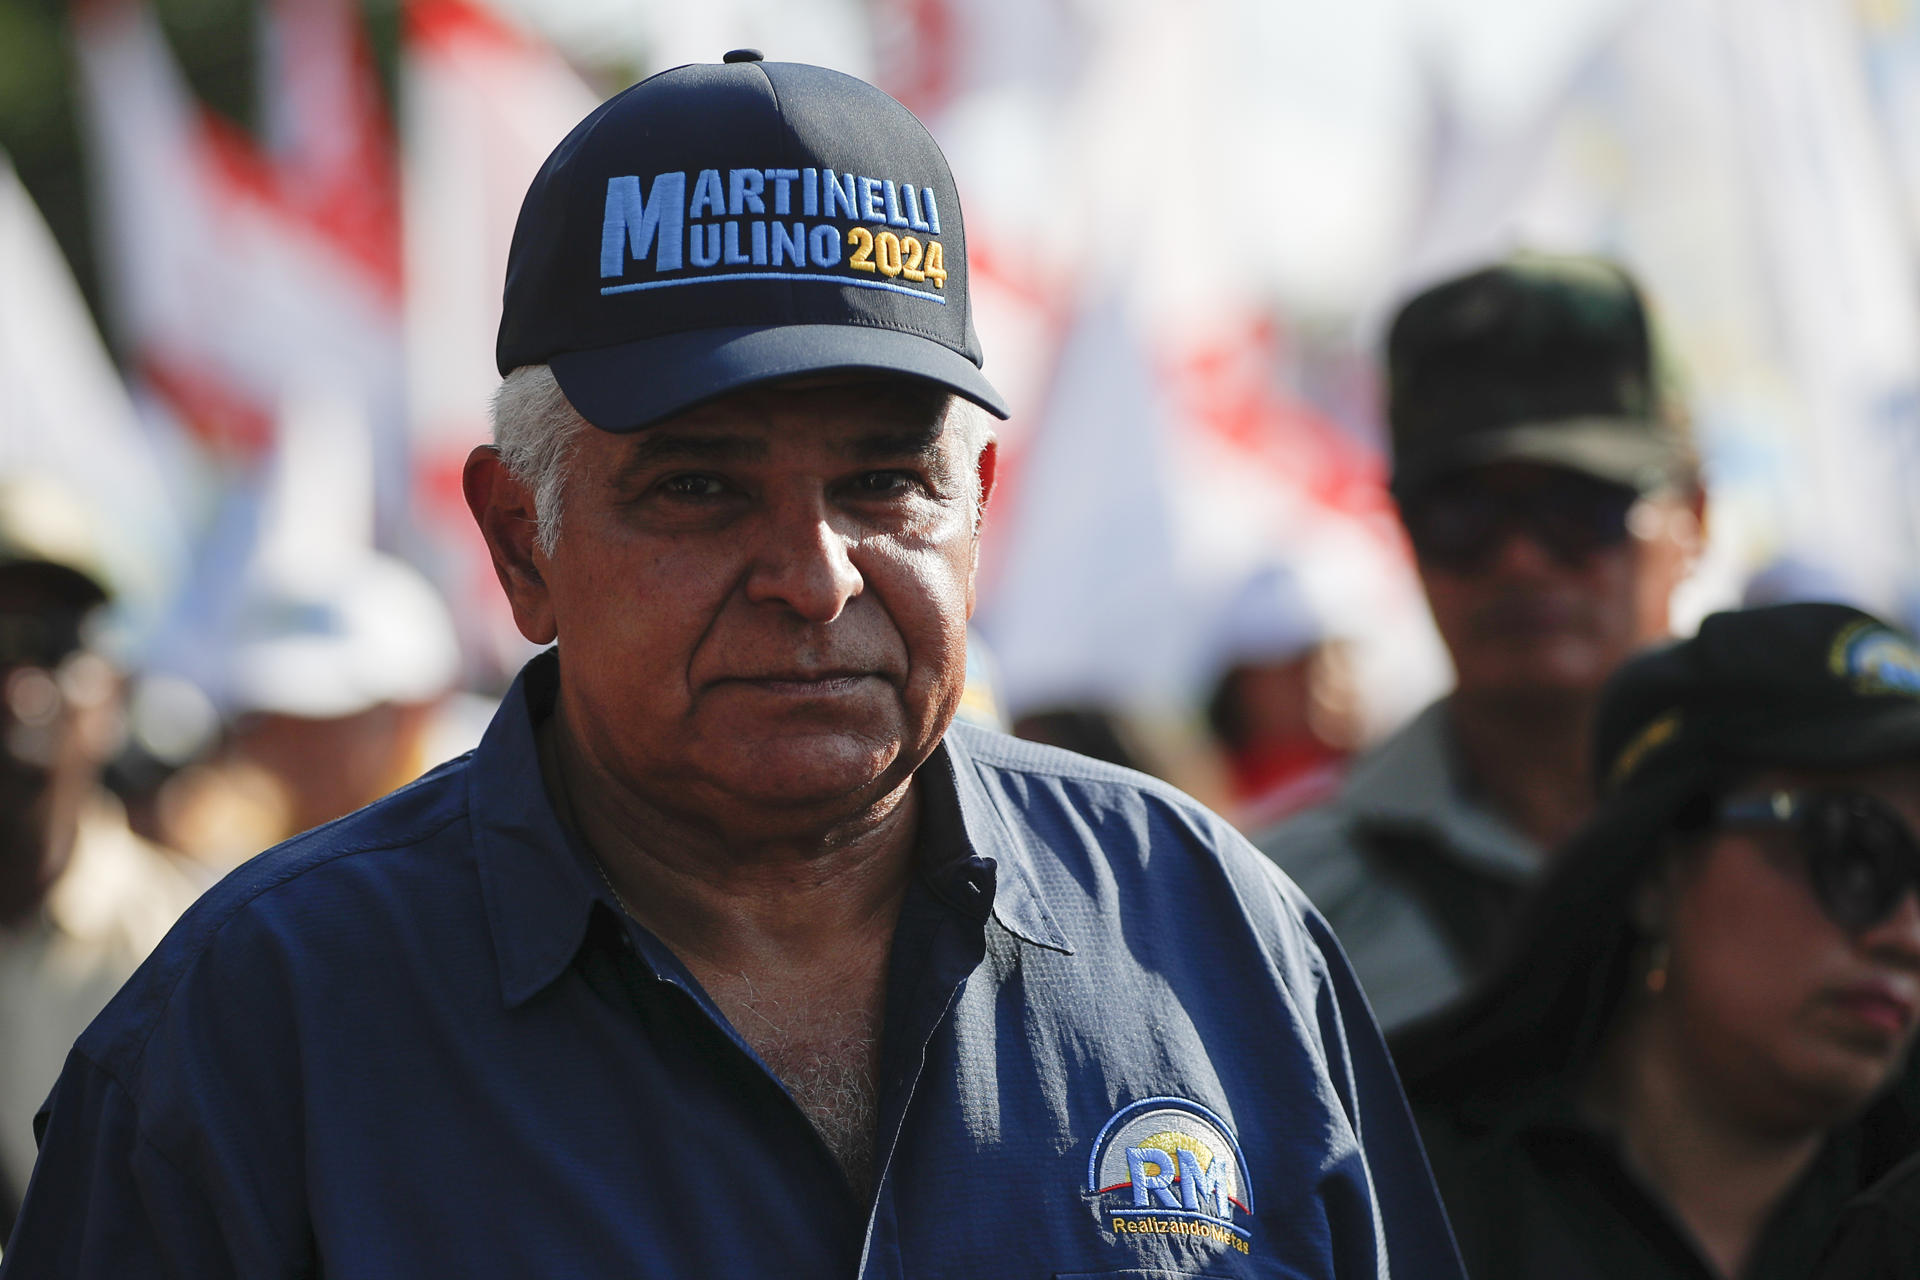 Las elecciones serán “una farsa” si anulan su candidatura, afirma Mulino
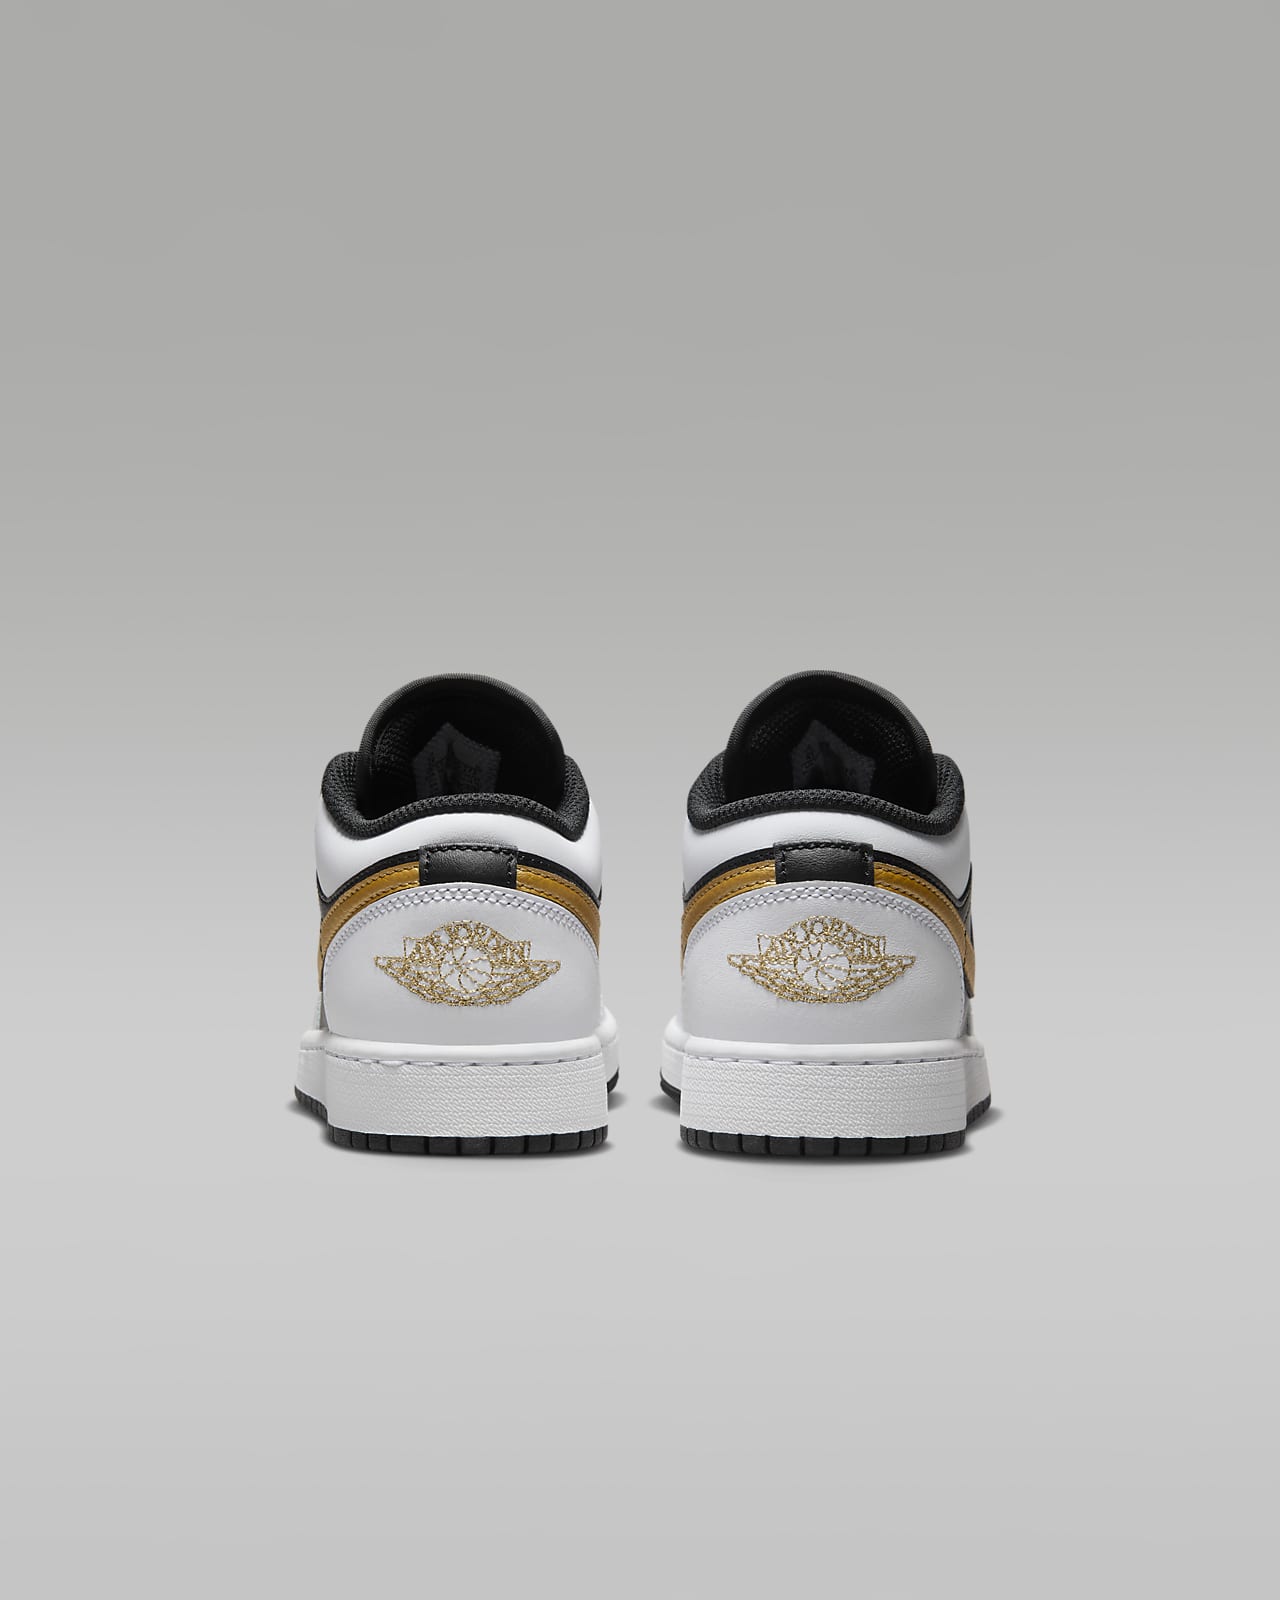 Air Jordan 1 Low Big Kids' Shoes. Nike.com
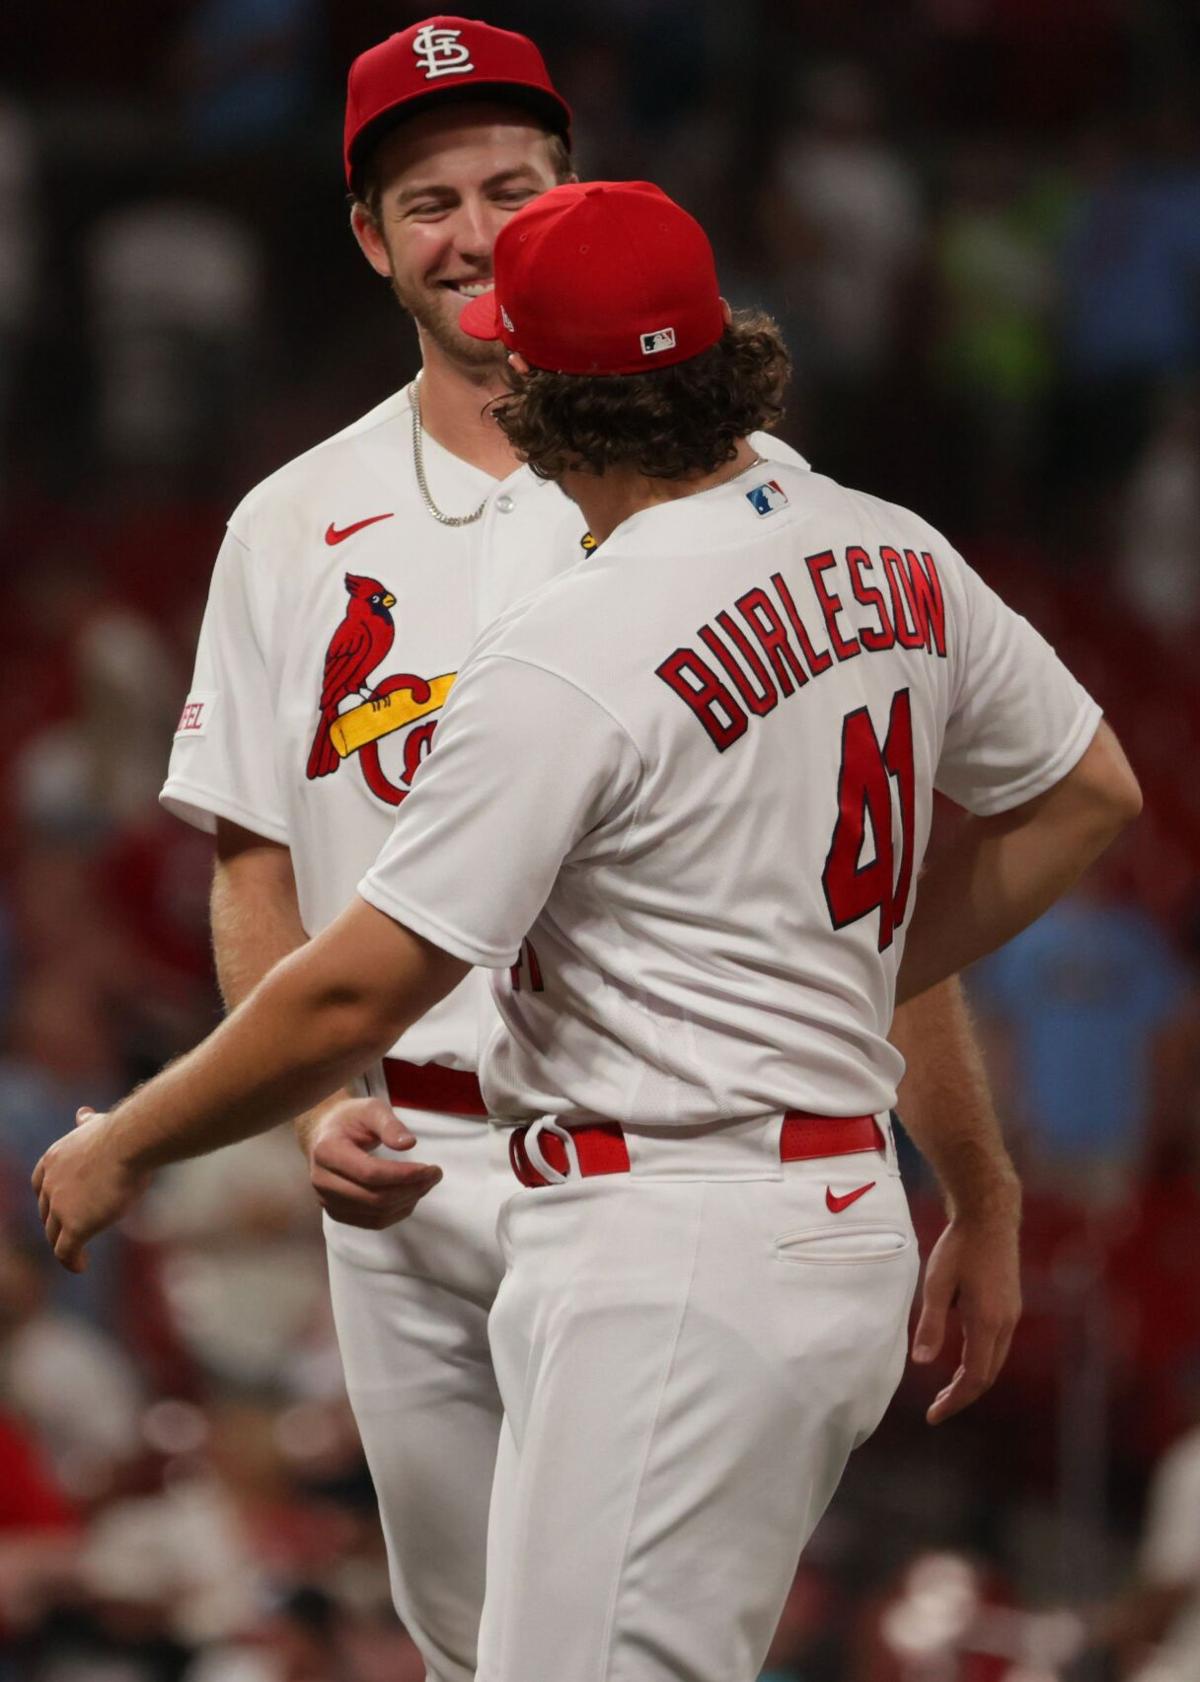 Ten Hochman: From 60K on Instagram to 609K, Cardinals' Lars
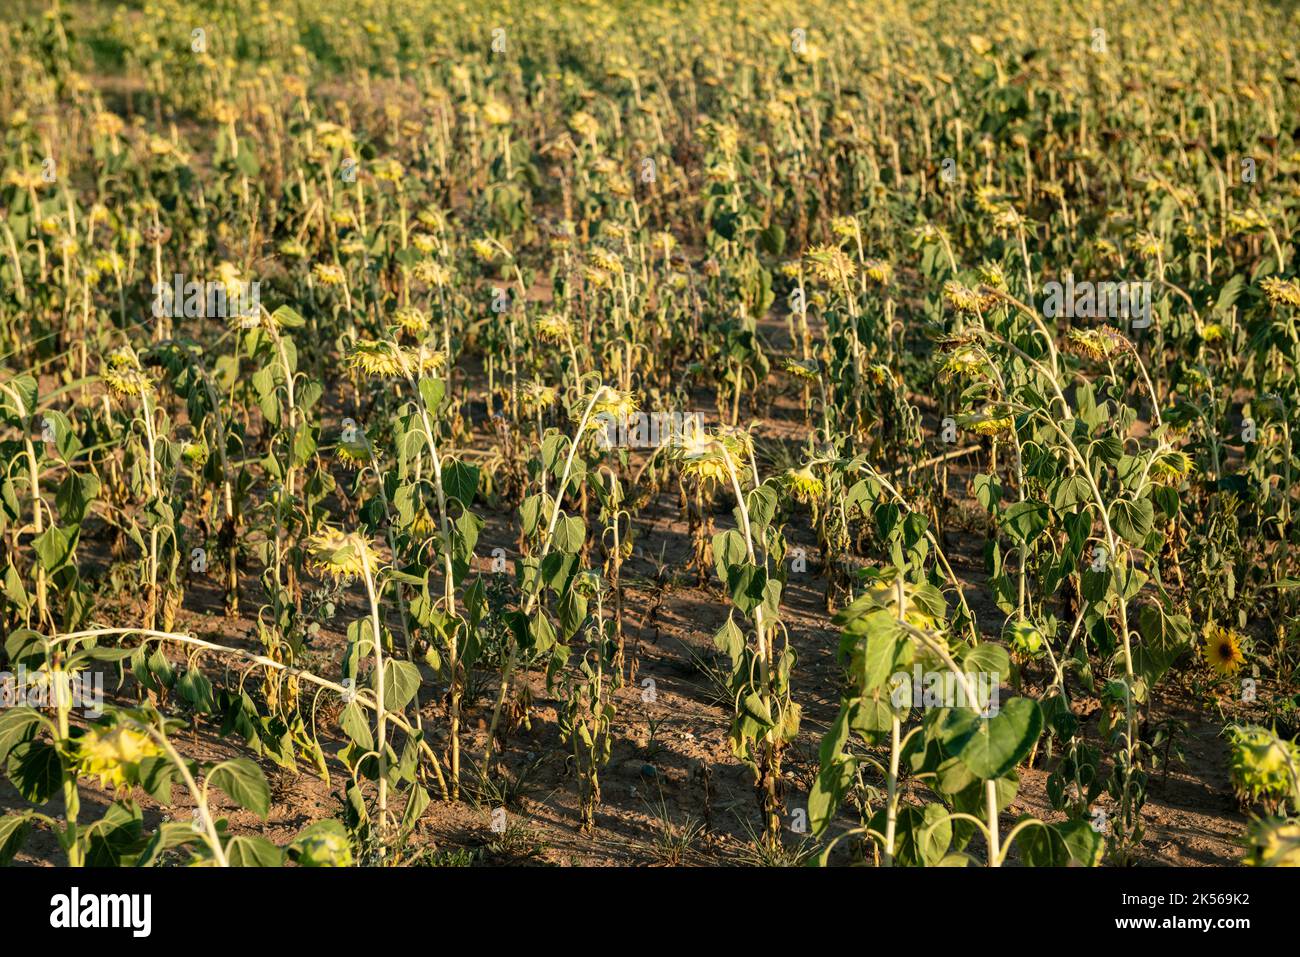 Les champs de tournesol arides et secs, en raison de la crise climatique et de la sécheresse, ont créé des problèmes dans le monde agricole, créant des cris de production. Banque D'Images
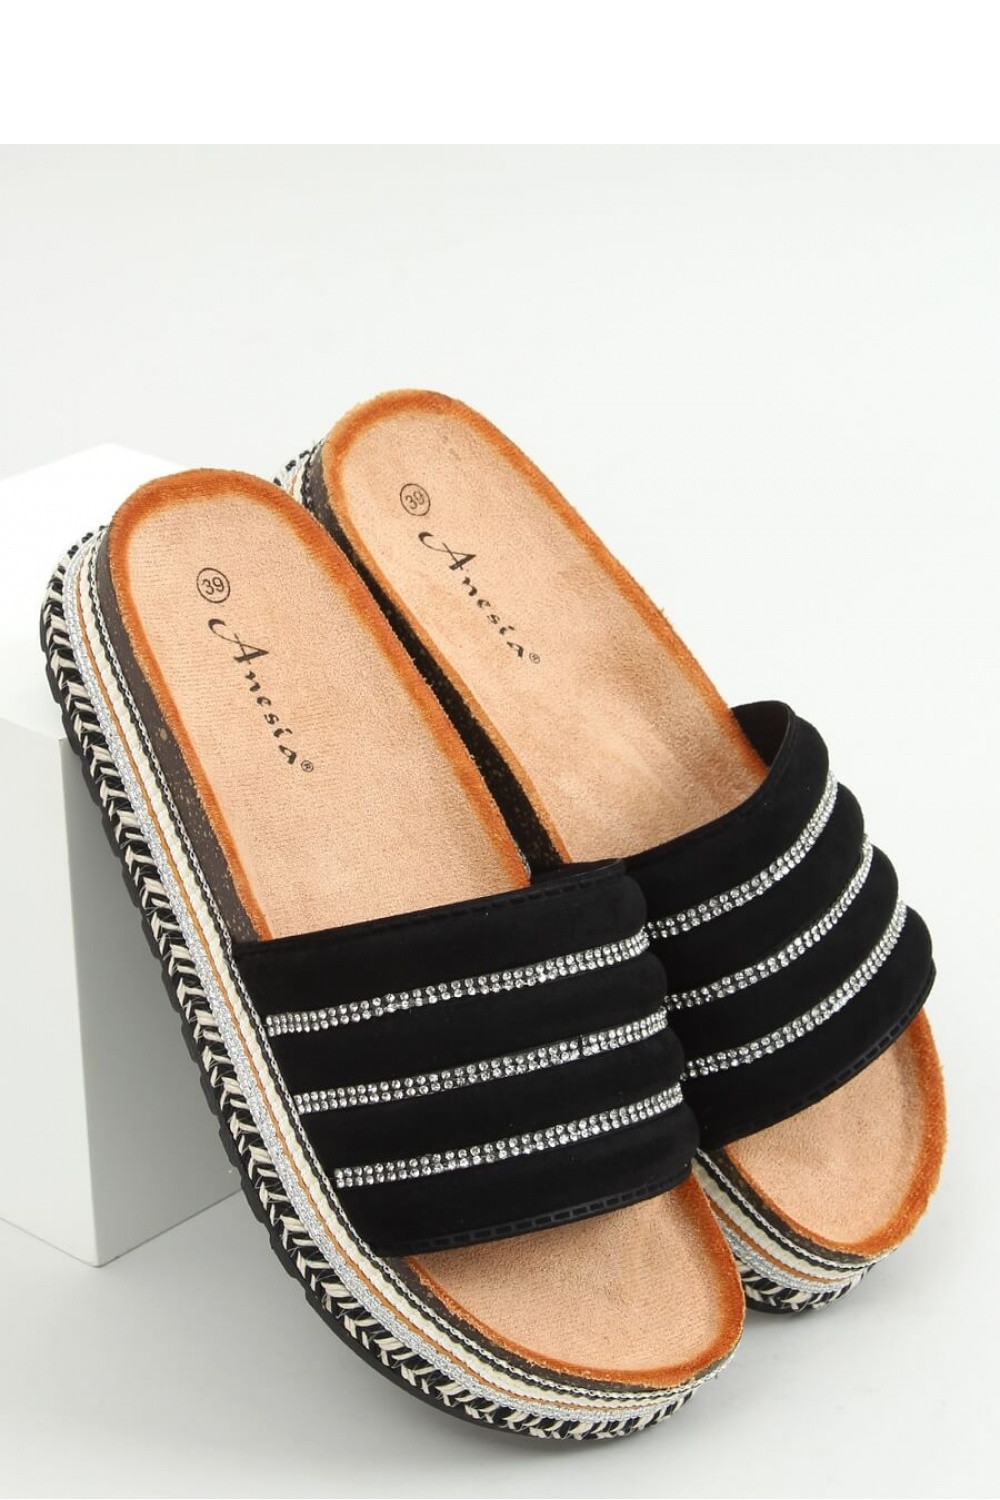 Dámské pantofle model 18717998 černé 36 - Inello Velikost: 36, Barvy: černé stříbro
***
Directions:
Write out the line that contains "Les champs de" and every line after it to the end of the data, exactly as they stand. Omit the pictures.

Response for this exercise:
 Les champs de tournesol arides et secs, en raison de la crise climatique et de la sécheresse, ont créé des problèmes dans le monde agricole, créant des cris de production. Banque D'Images
 Dámské pantofle model 18717998 černé 36 - Inello Velikost: 36, Barvy: černé stříbro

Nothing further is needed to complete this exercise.